I also have debug logs enabled on the server, let me know if there are any specific logs I should look for

mohamed-essam commented 3 months ago

I deployed a custom version of the client on the affected server with added logs in client/internal/engine.go:750

    log.Debugf("received NetworkMap with serial %d", serial)
    if e.networkSerial > serial {
        log.Debugf("received outdated NetworkMap with serial %d, ignoring, current latest serial is %d", serial, e.networkSerial)
        return nil
    }

I'm suspecting a malformed message sends a high serial number (e.g INT MAX) and causes all valid messages that come after it to be less than the stored serial number, will keep this client running and come back to you with any results

mlsmaycon commented 3 months ago

@mohamed-essam Recently, we switched the sync method to use read locks, which, for cases where a peer is often reconnecting in a small interval, could cause the network map serial number to be the same or lower in case of updates at the same time.

the check and log is fine as we expect this to happen in some cases, but not often. To debug, maybe it is better to start printing the serial number received to confirm the max int case.
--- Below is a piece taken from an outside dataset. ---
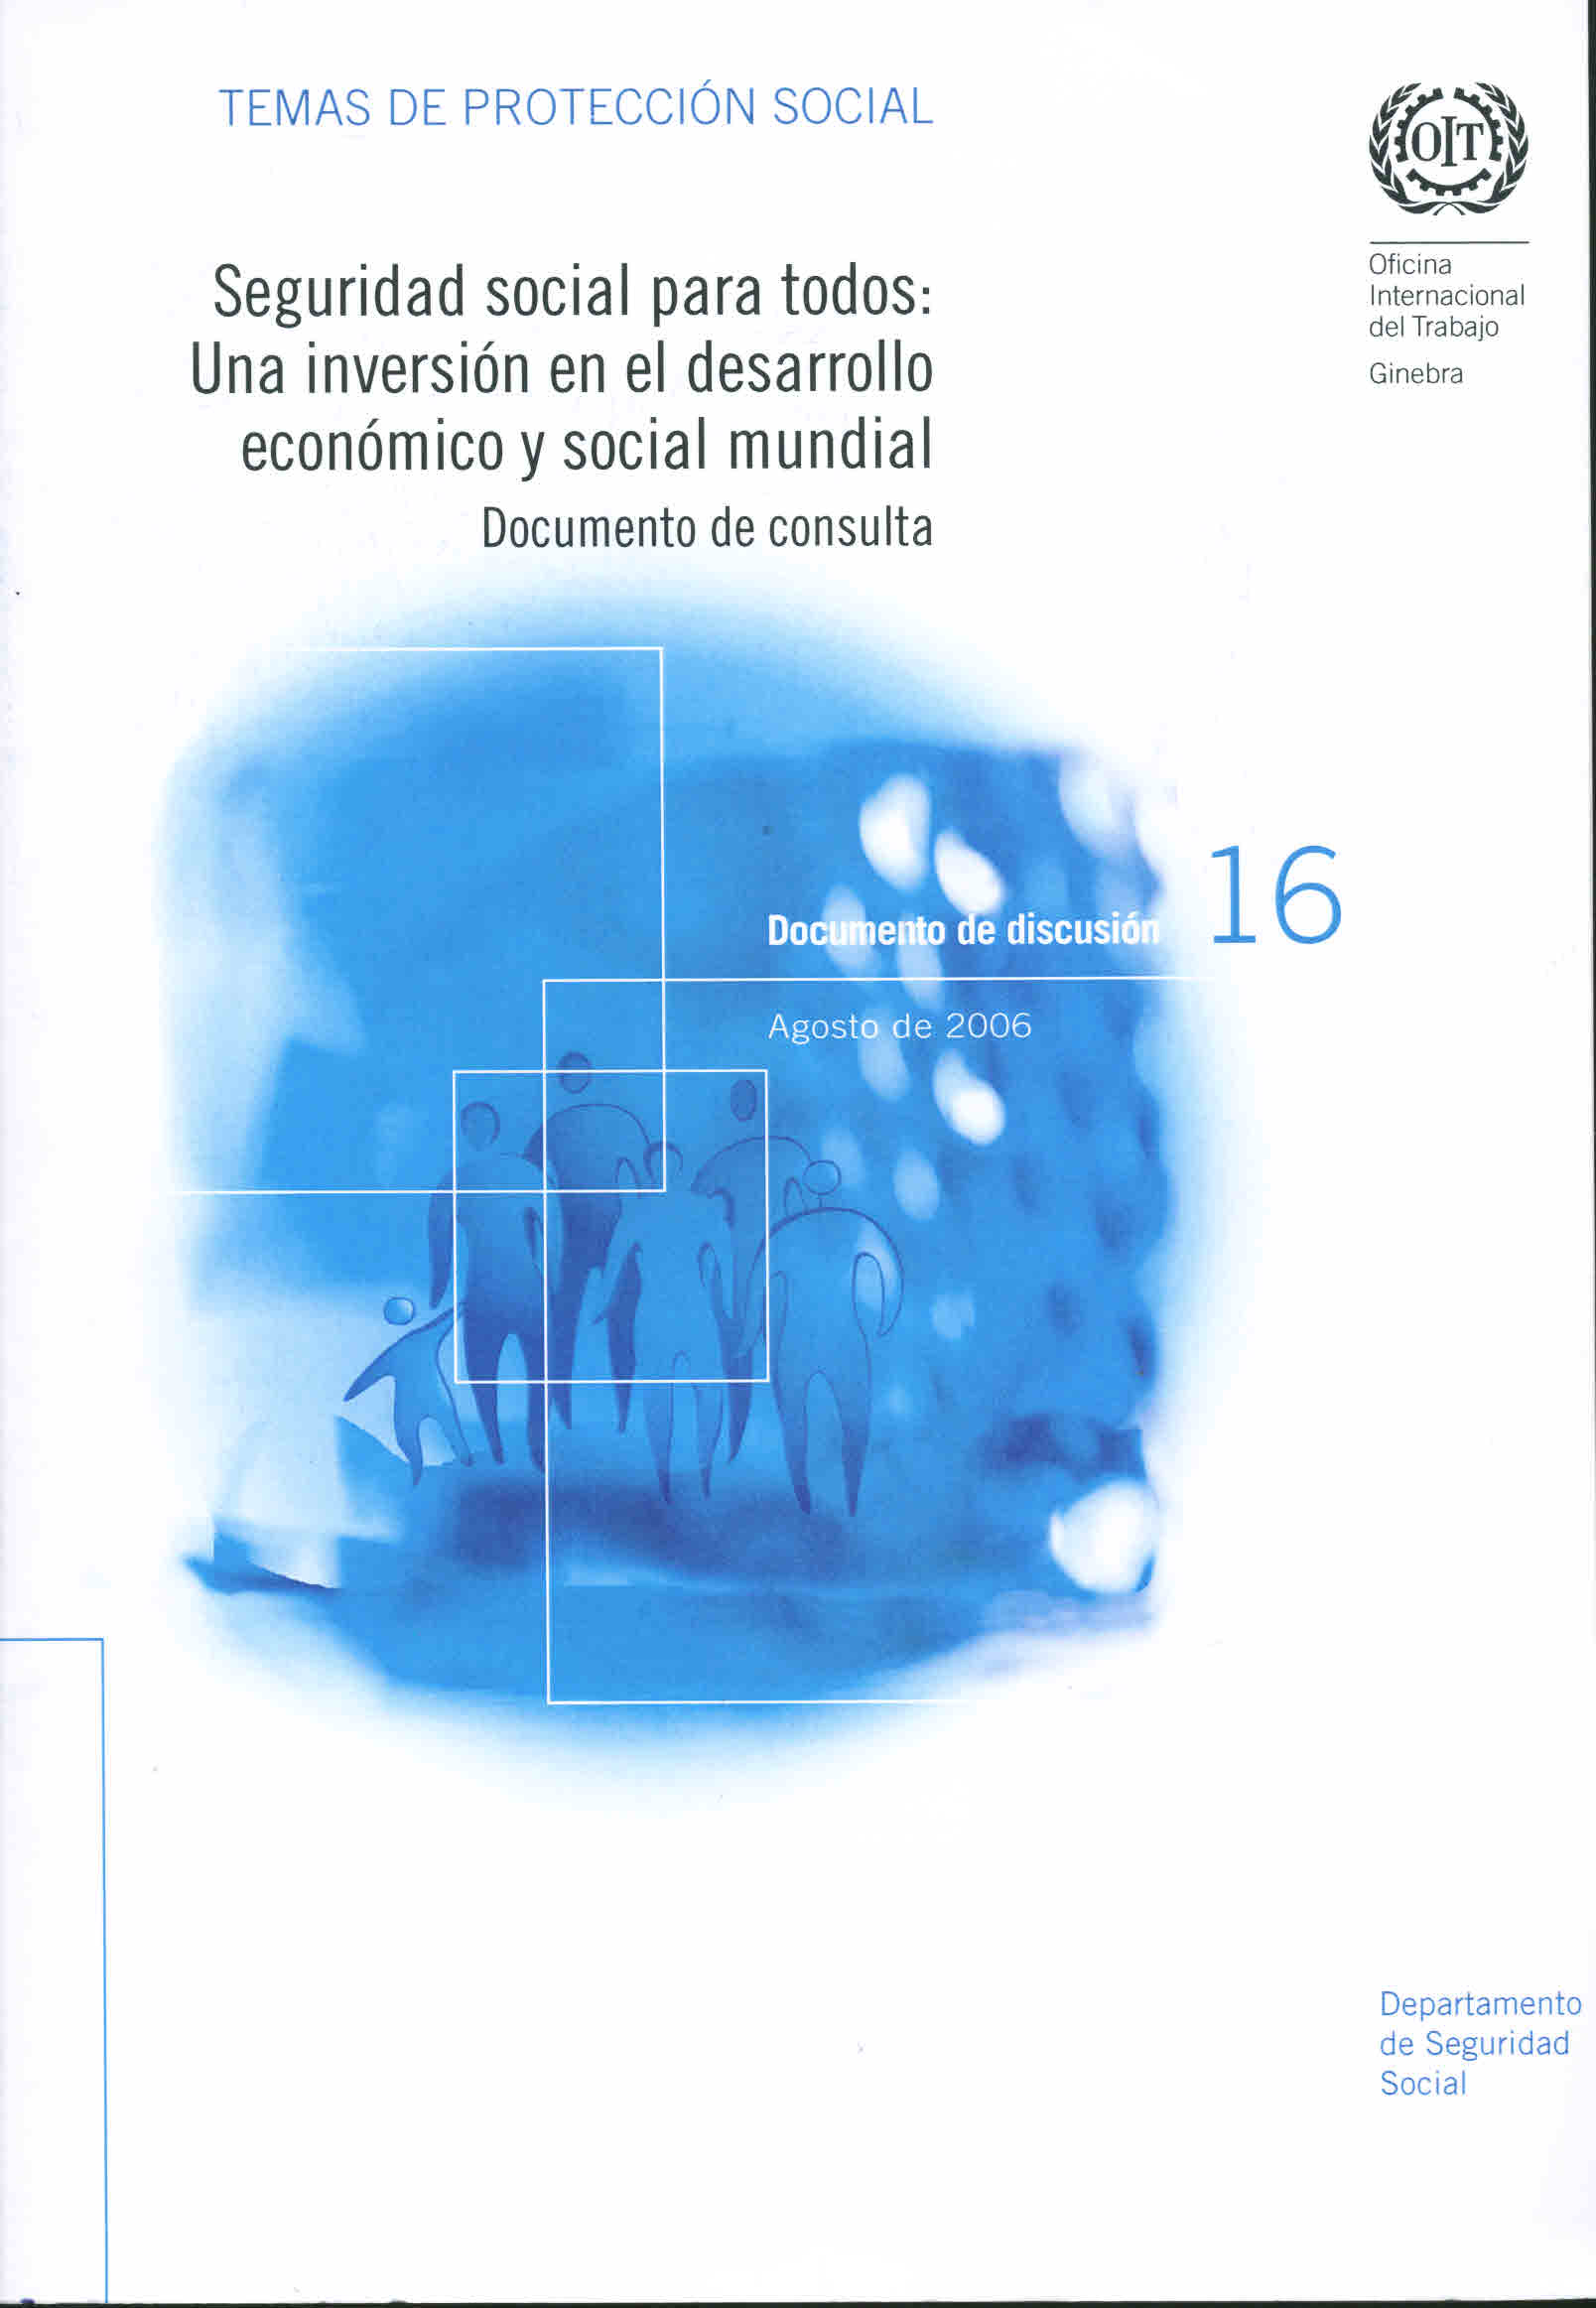 Seguridad social para todas: Una inversión en el desarrollo económico y social mundial. Documento de consulta
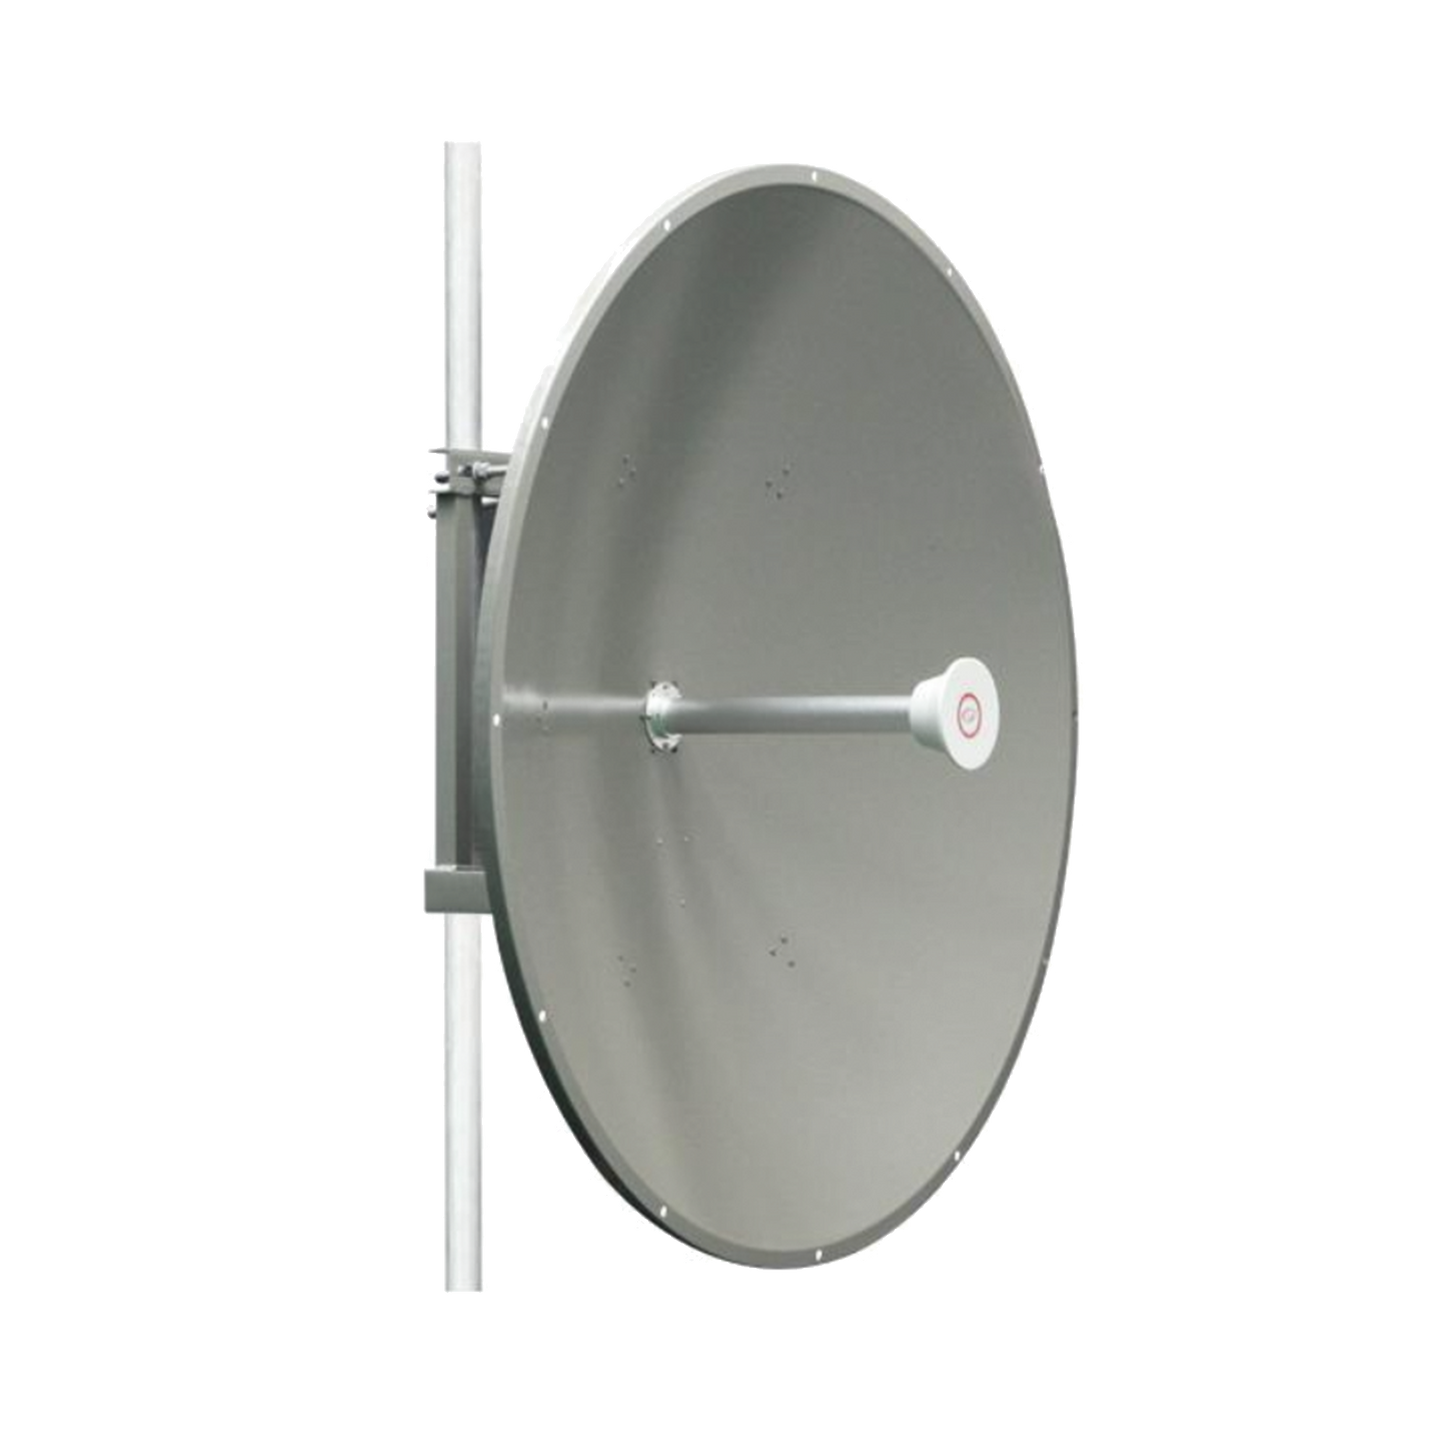 Antena direccional de 4 ft, 5.1 a 7.1 GHz, Ganancia 36 dBi, Conectores RP-SMA Hembra, Polarización doble, incluye montaje para torre o mástil

Furthermore, we are improving the network map sync to prevent extra maps from being sent in these cases. See https://github.com/netbirdio/netbird/pull/2236

mohamed-essam commented 3 months ago

@mlsmaycon I can see the issue sometimes occurring where a client would print wrongly addressed message without outdated NetworkMap logs, I don't understand the exact behavior behind this but I can see in some instances the client thinks another client is offline when it's online and won't update the network map on its own

I made a custom version for the time being so it would restart the management connection every time it received and outdated NetworkMap or receives a wrongly addressed message when there's a networkmap locally (so it wouldn't restart management connection when it's not initialized yet), and it has been working perfectly for the past couple of days

My custom patch is pushed here, not sure if this belongs in the mainstream yet, but it works.

A more elegant way to do this would be implementing a manual Sync request so that it refreshes its network map forcibly if there's a chance it's out of sync, restarting the management connection does that but also does more than needed.